Texas law provides for the appointment of a receiver in many ways:

  • by a vendor to vacate a fraudulent purchase of property (Texas Business Organizations Code section 11.403(1));
  • by a creditor to subject property or funds to the creditor’s claim (Texas Business Organizations Code section 11.403(2));
  • between partners or others jointly owning or interested in property or funds (Texas Business Organizations Code section 11.403(3));
  • by a mortgagee of the property for the foreclosure of the mortgage and sale of the property (Texas Business Organizations Code section 11.403(4)):
  • for a corporation that is insolvent, is in imminent danger of insolvency, has been dissolved, or has forfeited its corporate rights (Texas Civil Practices and Remedies Code 64.001(5));
  • “in any other case in which a receiver may be appointed under the rules of equity” (Texas Civil Practices and Remedies Code 64.001(6));
  • to rehabilitate a domestic or foreign entity (Texas Business Organizations Code section 11.404, 11.409);
  • to liquidate a domestic or foreign entity (Texas Business Organizations Code section 11.405, 11.409);
  • to preservation and protection marital property during a divorce proceeding (Texas Family Code 6.502);
  • over the assets of a missing person (Texas Civil Practices and Remedies Code 64.001(d));
  • to preserve mineral interest or leasehold interest under a mineral lease owned by a nonresident or absent defendant (Texas Civil Practices and Remedies Code 64.091);
  • to sell property incapable of division (Texas Rule of Civil Procedure 770);
  • over property in a municipality that is not in compliance with certain life, health, and safety ordinances (Texas Local Government Code 214.0031); and
  • over property of a nonprofit housing organization that presents a life, health, or safety risk (Texas Local Government Code 214.0031).

Flexibility of Remedy

In addition to their widespread availability, state law receiverships are also valued for their flexibility and adaptability.  Under the Texas general receivership statute, a receiver is authorized to take charge and keep possession of property, receive rents, collect and compromise demands, make transfers, and perform other acts as authorized by the court.  Texas Civil Practices and Remedies Code 64.031.  Indeed, Texas courts are authorized to broadly define a receiver’s powers to accomplish the objectives of the receivership and to modify the scope of the receiver’s powers.  Texas Business Organizations Code 11.406(5) (“[The Receiver] has the powers and duties that are stated in the order appointing the receiver or that the appointing court: considers appropriate to accomplish the objectives for which the receiver was appointed and may increase or diminish at any time during the proceedings.”).  A receiver’s authority and duties are governed by the receivership order and, thus, can be tailored to each particular circumstance and the needs of the creditor. It is this flexibility that makes receivership uniquely useful to creditors.

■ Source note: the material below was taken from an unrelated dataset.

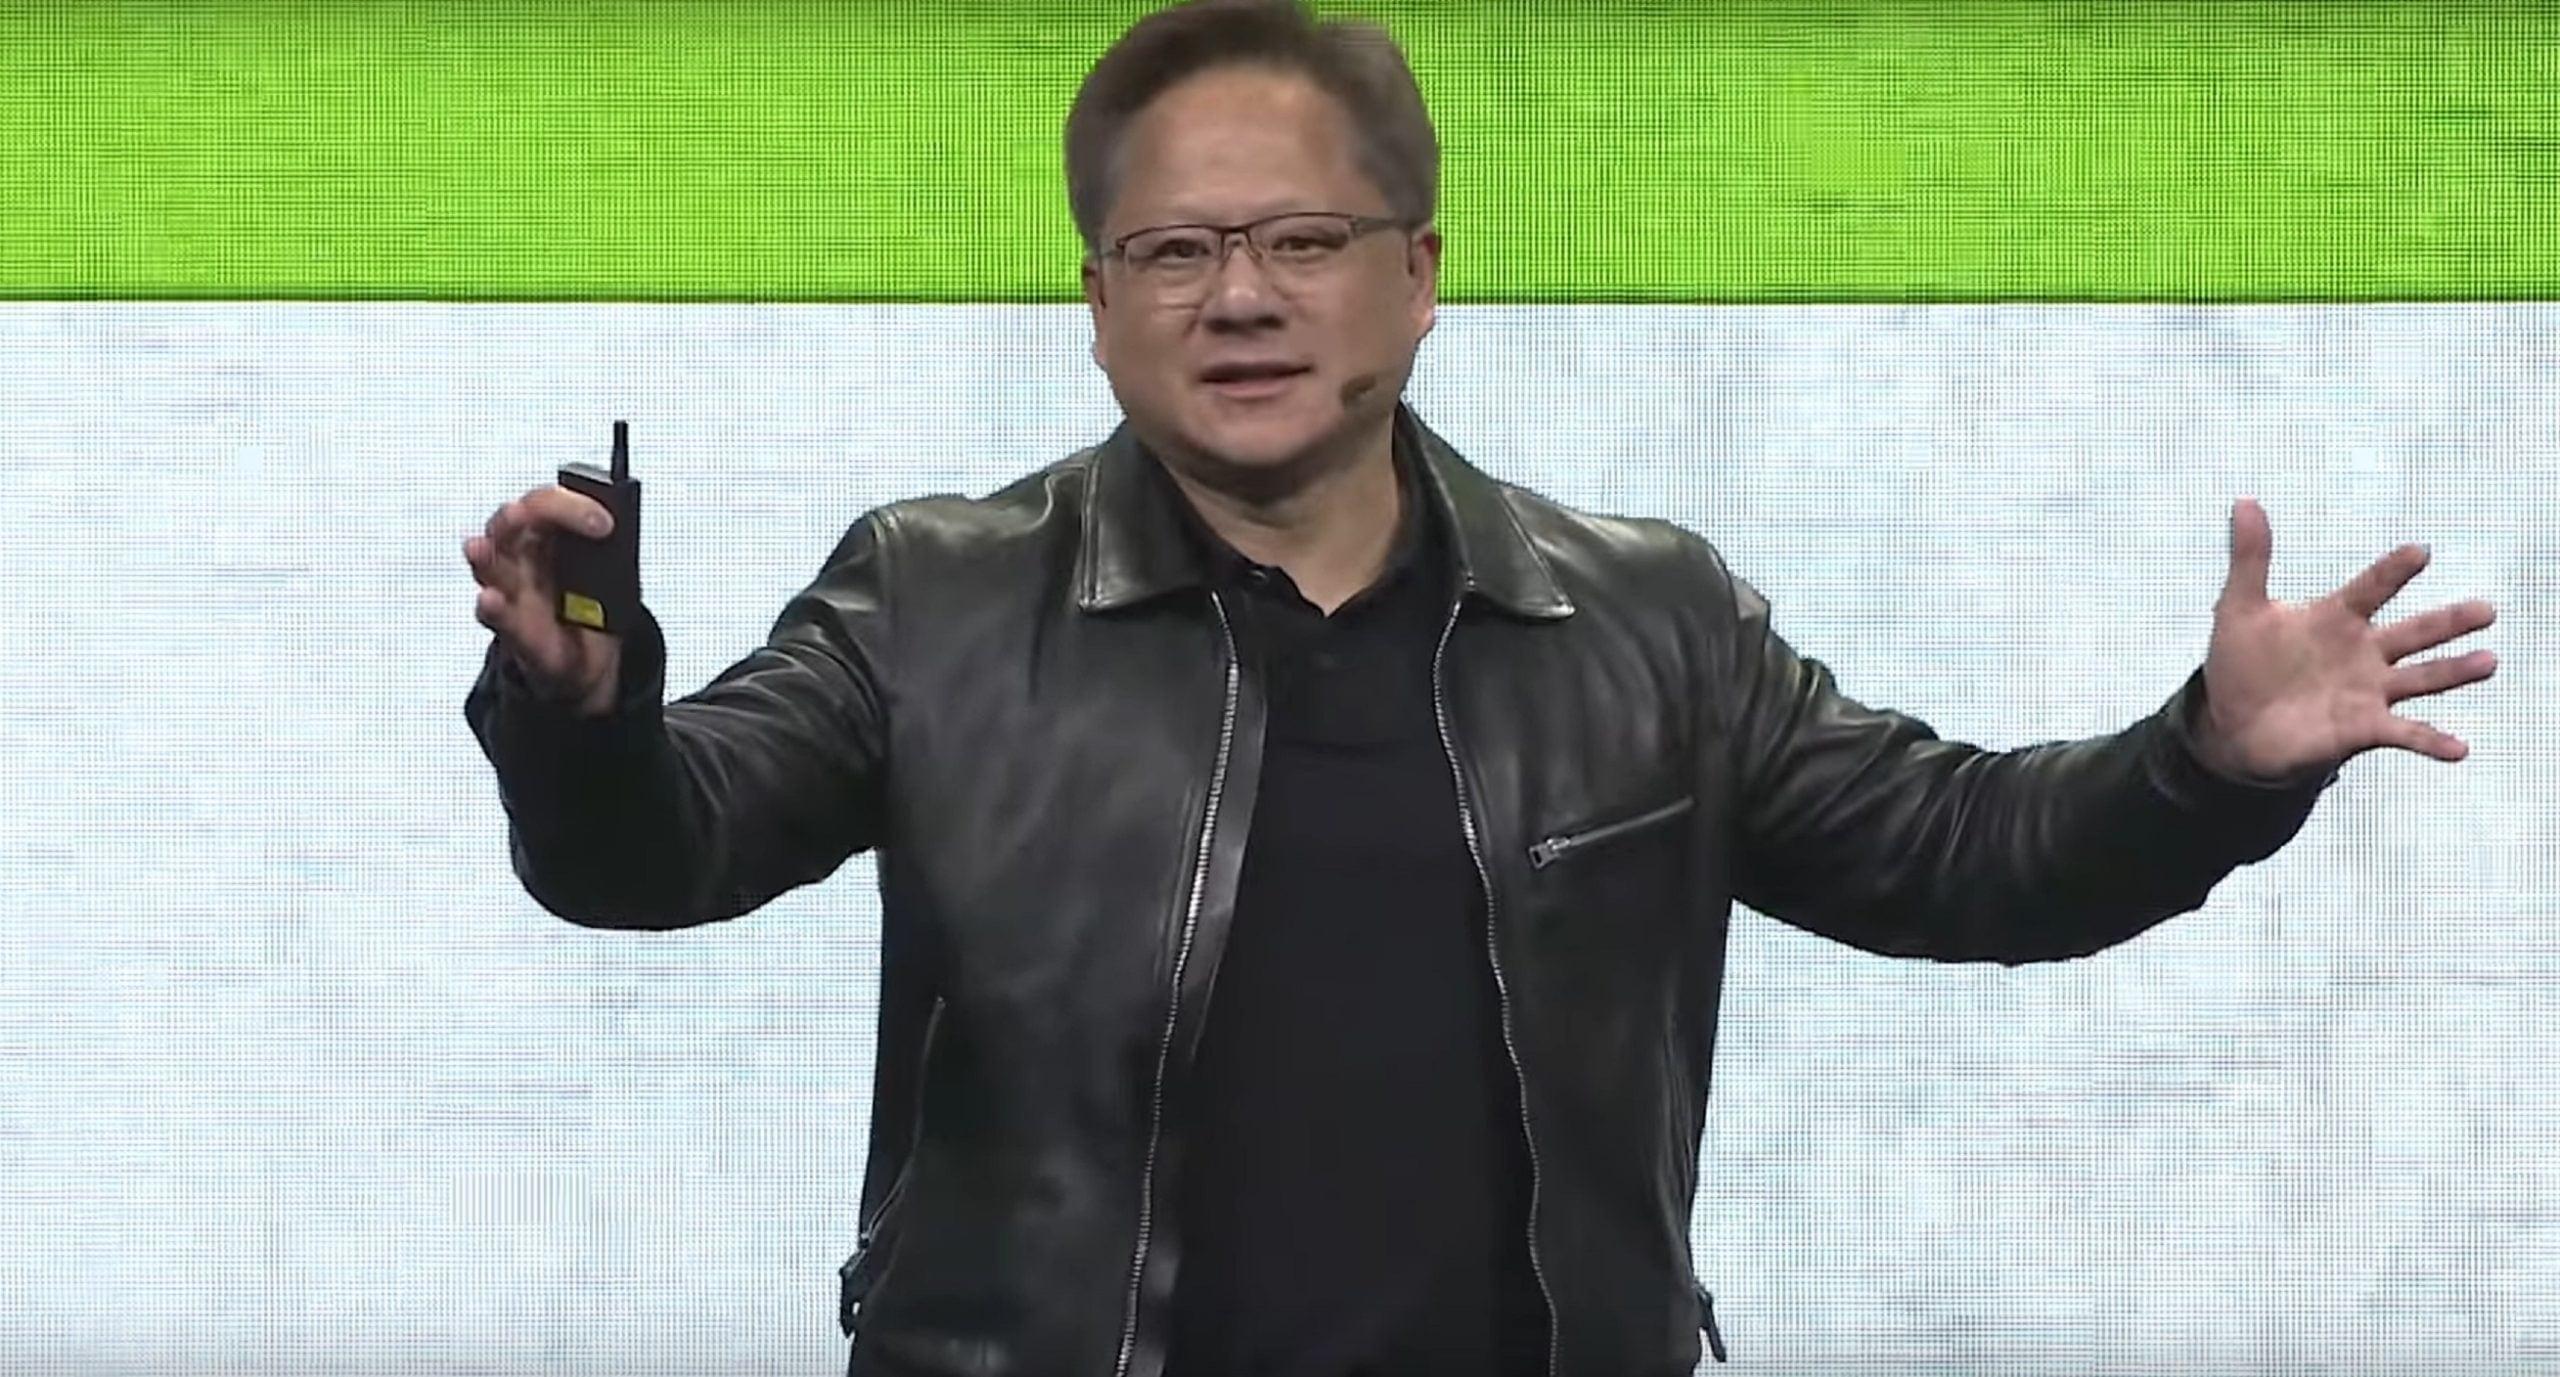 leeghoofd заполучил три золота в модельном зачете процессора AMD Phenom II X6 1090T BE

Receivership is one of several remedies creditors may utilize in seeking to exercise control over a borrower or collateral.  Receiverships may be particularly attractive to creditors because they avoid the need to take possession of the property, are available in a number of circumstances, and offer flexibility that is not available under bankruptcy or other remedies.



[1] 11 USC § 303.

[2] An involuntary bankruptcy requires a trial to determine whether the debtor is paying its debts as they come due, and mandates an award of attorneys’ fees against the petitioning creditors if the court does not grant relief.  See 11 USC § 303(h).

[3] Under federal common law, a district court may use its equitable powers to appoint a receiver.  Appointment of a receiver by a federal district court is akin to the entry of an injunction and is not a statutory remedy.  Although no federal statute authorizes the appointment of a receiver, federal equity receivers are subject to a number of statutes governing their behavior.  See, e.g., 28 U.S.C. §§ 754, 2001, 2002, 2004.